## RECORDED DATA

───

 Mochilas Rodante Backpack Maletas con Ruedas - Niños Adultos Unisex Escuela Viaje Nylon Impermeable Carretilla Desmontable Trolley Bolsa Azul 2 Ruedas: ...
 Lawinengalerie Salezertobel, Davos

───

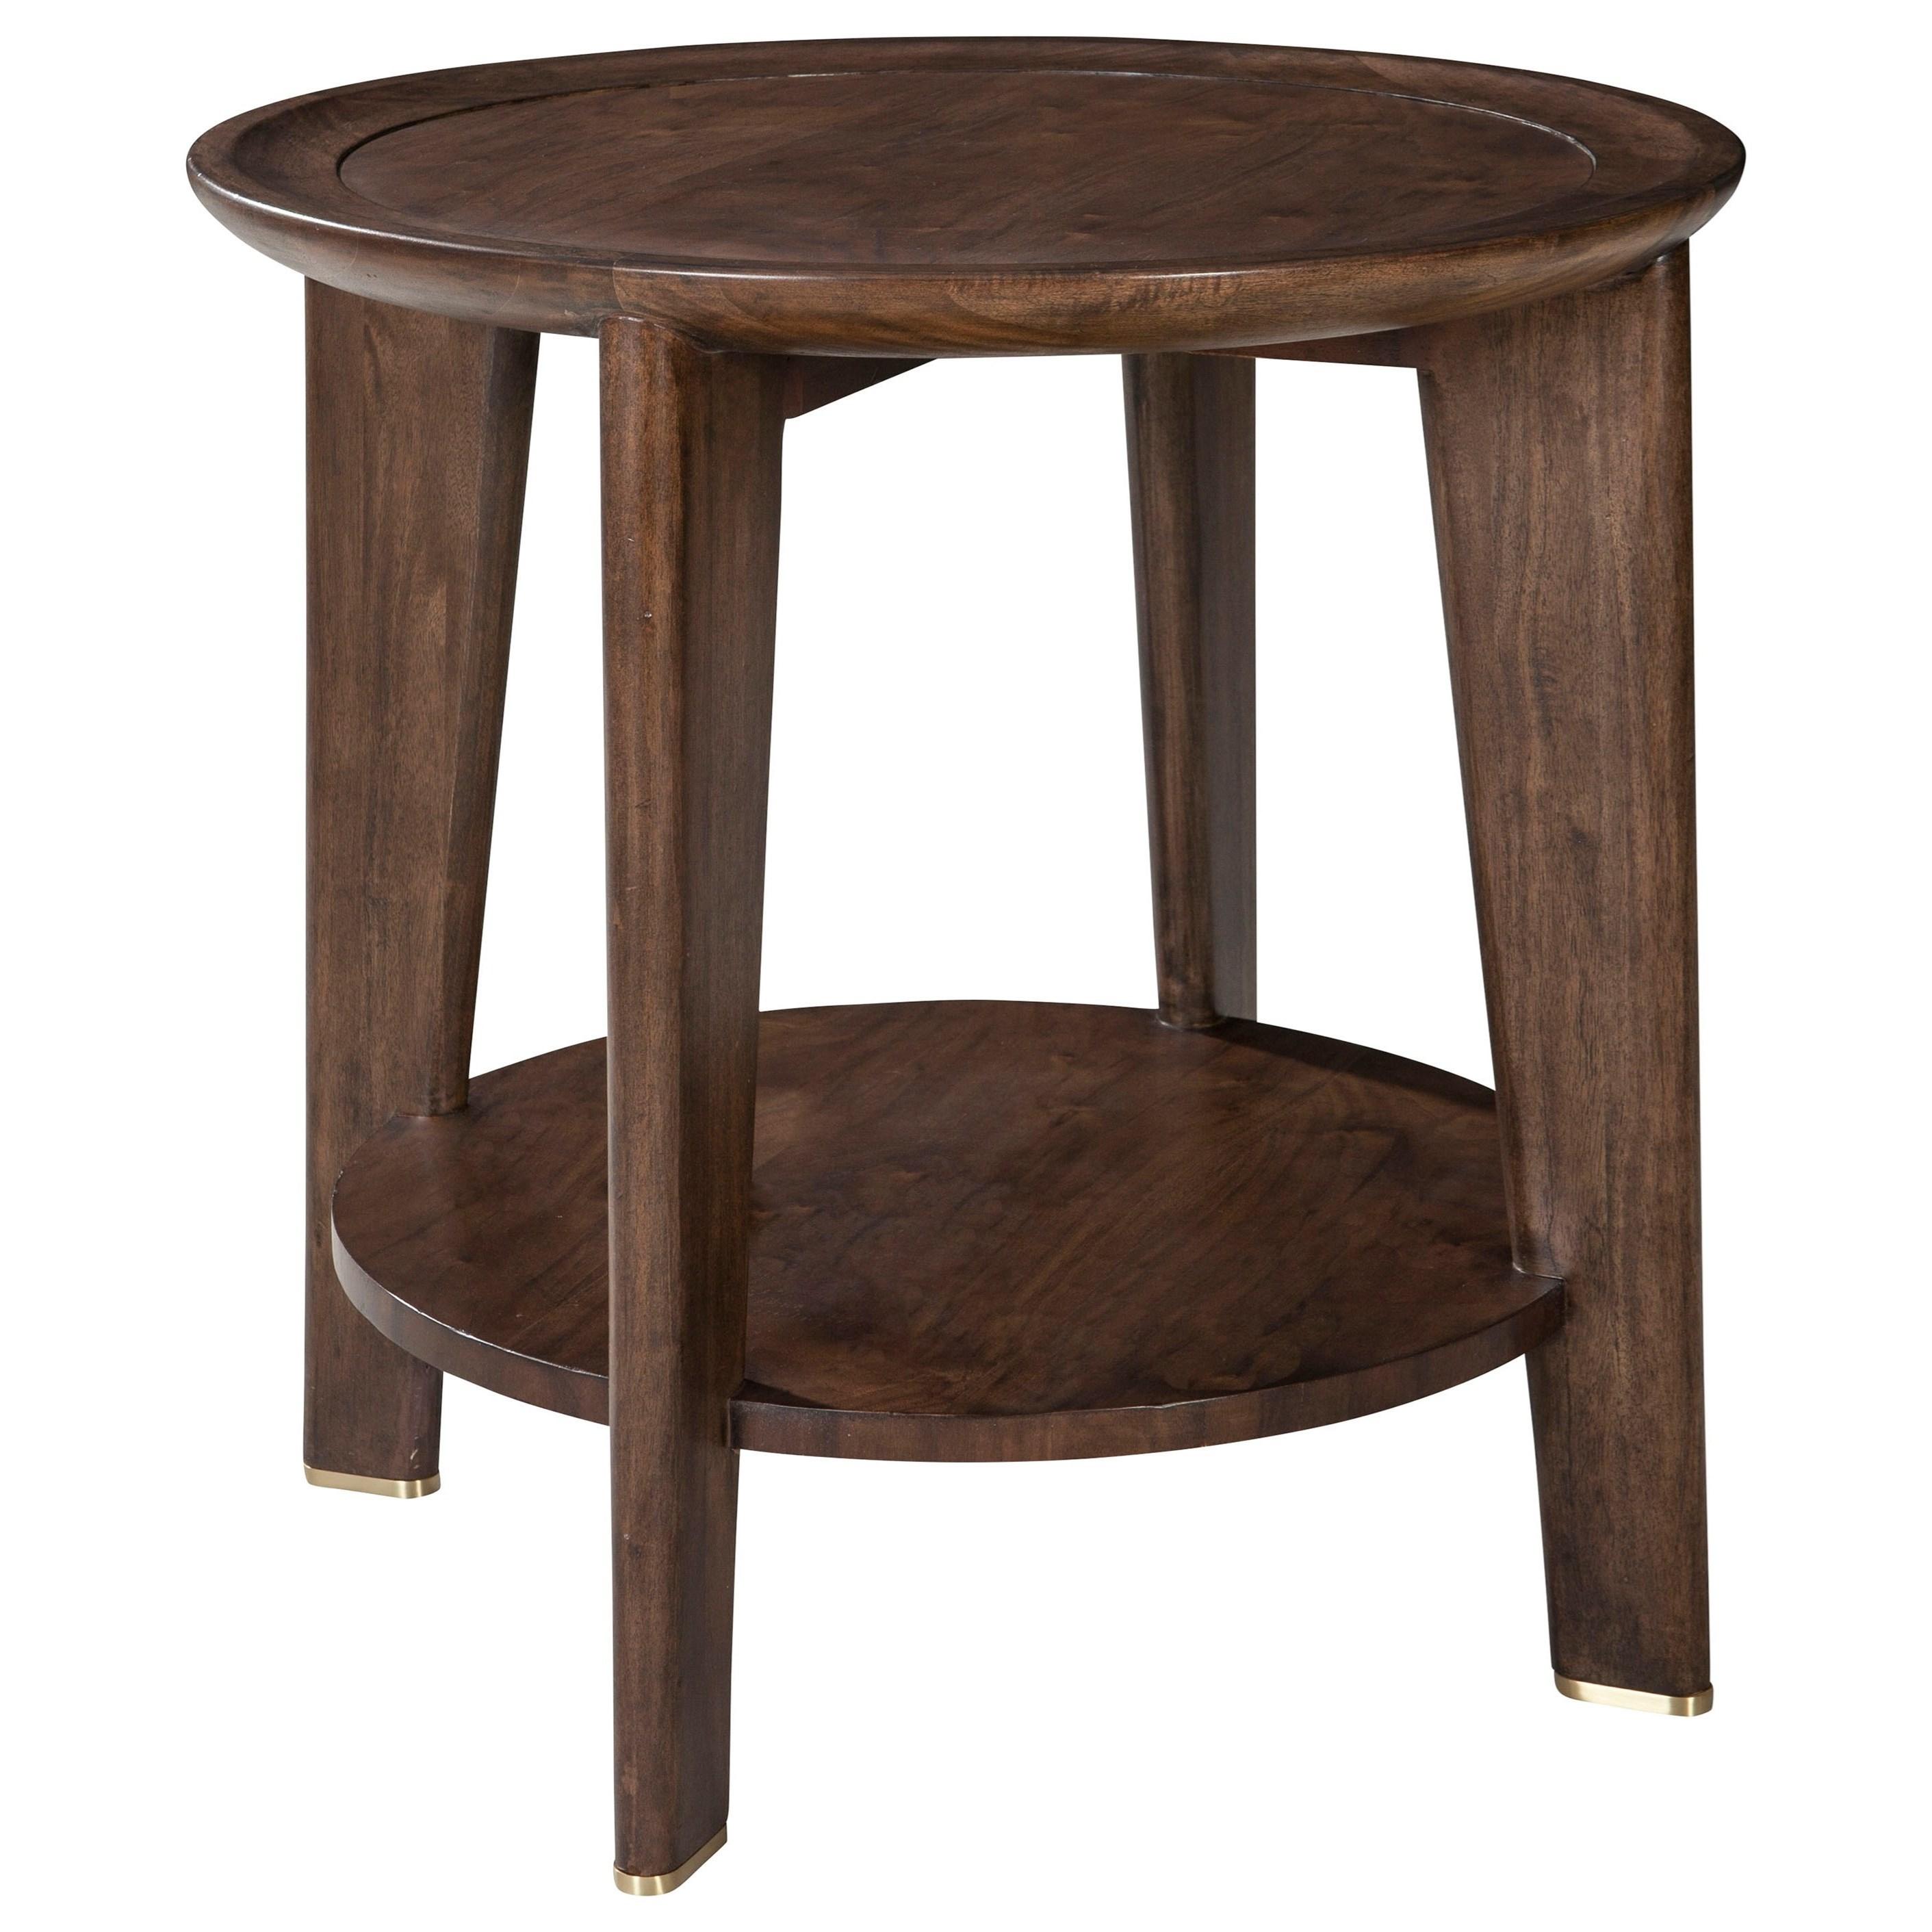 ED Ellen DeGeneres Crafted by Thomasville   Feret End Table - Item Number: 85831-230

───

## DESCRIPTION OF THE TASK
Would you retype the lines above from the one with "Mochilas Rodante Backpack" down to the one with "Lawinengalerie Salezertobel, Davos", word for word, both ends included and no other lines?

## COMPLETED EXERCISE
 Mochilas Rodante Backpack Maletas con Ruedas - Niños Adultos Unisex Escuela Viaje Nylon Impermeable Carretilla Desmontable Trolley Bolsa Azul 2 Ruedas: ...
 Lawinengalerie Salezertobel, Davos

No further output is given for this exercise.